Whilst it had no electricity, it had the usual water facilities. The site is very large (adjacent a stadium) and you are bound to find a space no matter how late you arrive.


----------



## GEMMY (Jun 19, 2006)

Well,has it happened,or all just hot air?


tony


----------



## grumpyman (Sep 24, 2006)

I was in Calais on Friday evening waiting for my Tunnel crossing at 8.50am the following morning (27/5/09). My Son who is in the know rang and told me to try and leave that night as on Friday day there had been numerous arrests. At 11.30pm I made my way to the Terminal and passed around 200 activists camping in a field. Just my luck I also ended up in the middle of a Police convoy which came onto the Motorway as I made my way this numbered around 20 Vans. The Asylum holding area for the past 2 days has had Officers even posted on the roof. 
Got to the Terminal and even though my crossing was not for another 10 hours they put us on the next train no charge.


----------



## DTPCHEMICALS (Jul 24, 2006)

No problems today but heavy police presence on entry.


By the way  fuel station at jnctn 3 is closed, east enders is half empty as are other wine sellers.

dave p


----------



## pippin (Nov 15, 2007)

Sunday evening (28th) we headed for Cité €urope to park up in the motorhome area ready to do some early-morning shopping before catching the ferry this morning (Mon).

There were armed police everywhere, and I mean everywhere, in Cité Europe, which was otherwise totally deserted.

We headed for Calais Aire instead, where we felt very safe. Lots of vans there. Loads of good-natured French people out and about enjoying the pleasant evening sunshine. Equally, a significant police/gendarme presence too.

The only problem we had was a broken night's sleep due to events going on around us. "What events?" I hear you ask. 
Thick fog meant that numerous fog-horns were blasting out all night!

We arrived at Cité Europe at 09:00 this morning. Not so many police but all the parkings had security guards on duty.
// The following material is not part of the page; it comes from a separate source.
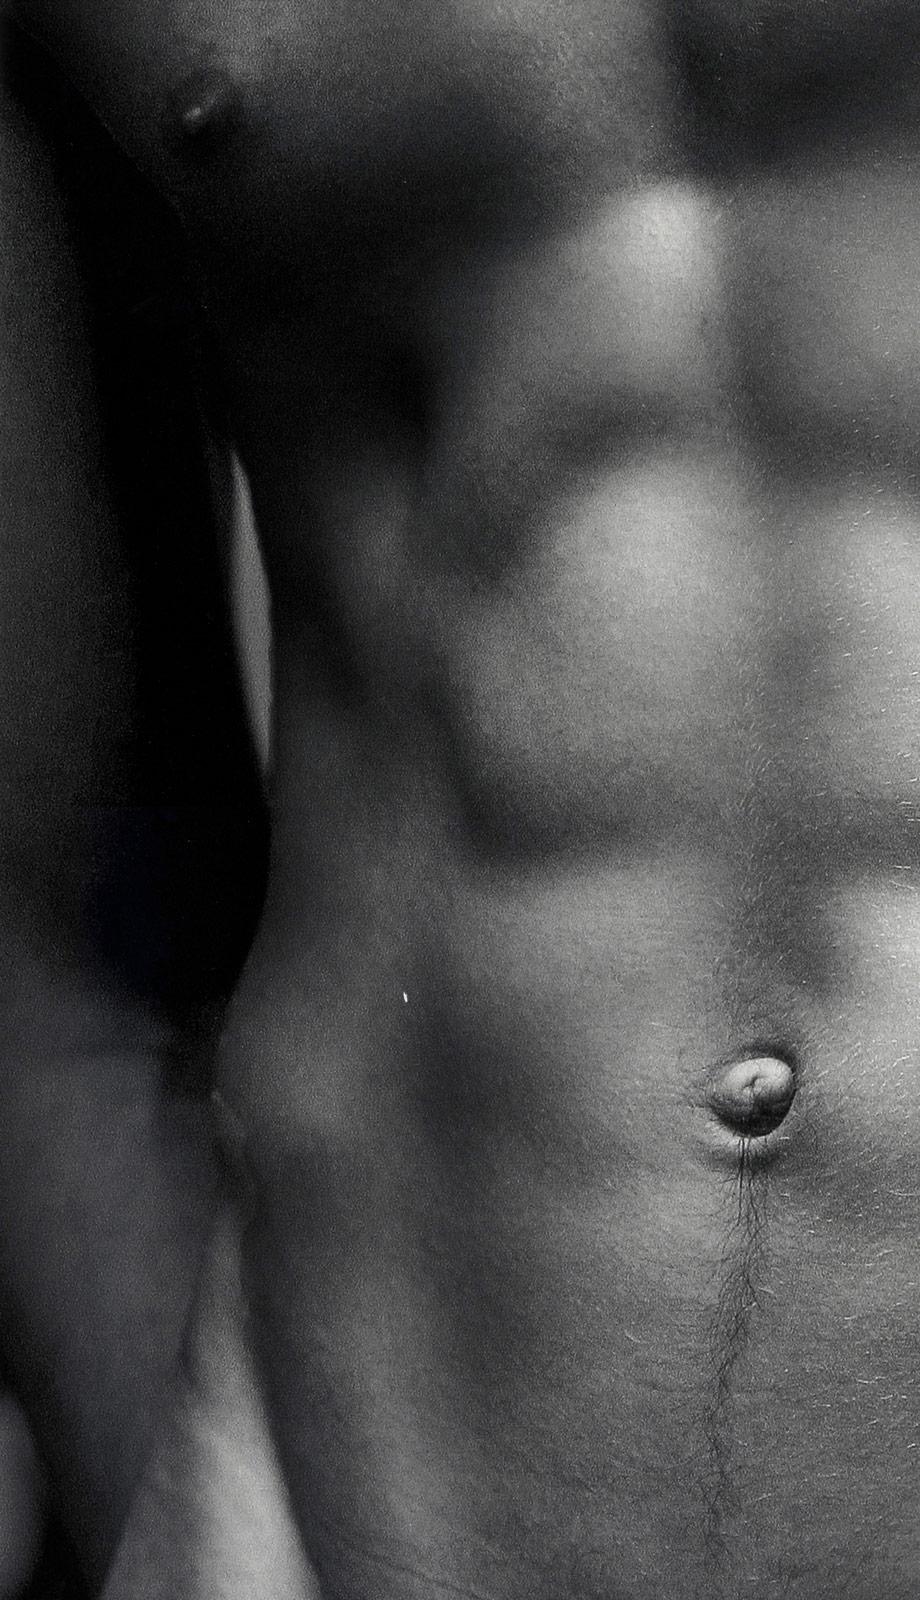 Mohamed (Magnificent sculpted abs of a young Czech maleI - Contemporary Photograph by Benno Thoma

Did not notice so much of an enhanced police presence around the ferry port this morning but the UK authorities there did search the van (for illegals) before we boarded.


----------



## Autoquest (May 16, 2007)

We came through the tunnel last night - No problems anywhere including the stop at Cite Europe. 8)


----------



## pippin (Nov 15, 2007)

AutoQ - did you actually overnight in the Cité Europe camping car parking?


----------



## Autoquest (May 16, 2007)

No - I stayed for about four hours and left at 20:00, we did stay 3 weeks ago O/N and it was superb.


----------



## clianthus (Jul 8, 2006)

pippin said:


> We headed for Calais Aire instead, where we felt very safe. Lots of vans there. Loads of good-natured French people out and about enjoying the pleasant evening sunshine. Equally, a significant police/gendarme presence too.
> 
> The only problem we had was a broken night's sleep due to events going on around us. "What events?" I hear you ask.
> Thick fog meant that numerous fog-horns were blasting out all night!


We must have been there at the same time pippin, we stayed Sunday night 28th June and our experience was the same as yours, very busy with lots of French enjoying the sunshine but a significant police presence.

The fog horns didn't allow for much sleep but it was all quiet when we left for Eurotunnel at 10.00am, no sign of police or protestors and we weren't questioned or searched when we got to the train either.

SidT was parked next but one to us on the aire on Sunday night and he intended going shopping at Cite Europe on Monday 29th and then spending Monday night on the Calais aire before catching a Tuesday morning ferry, so perhaps he'll be along soon to let us know if anything exciting happened after we left.


----------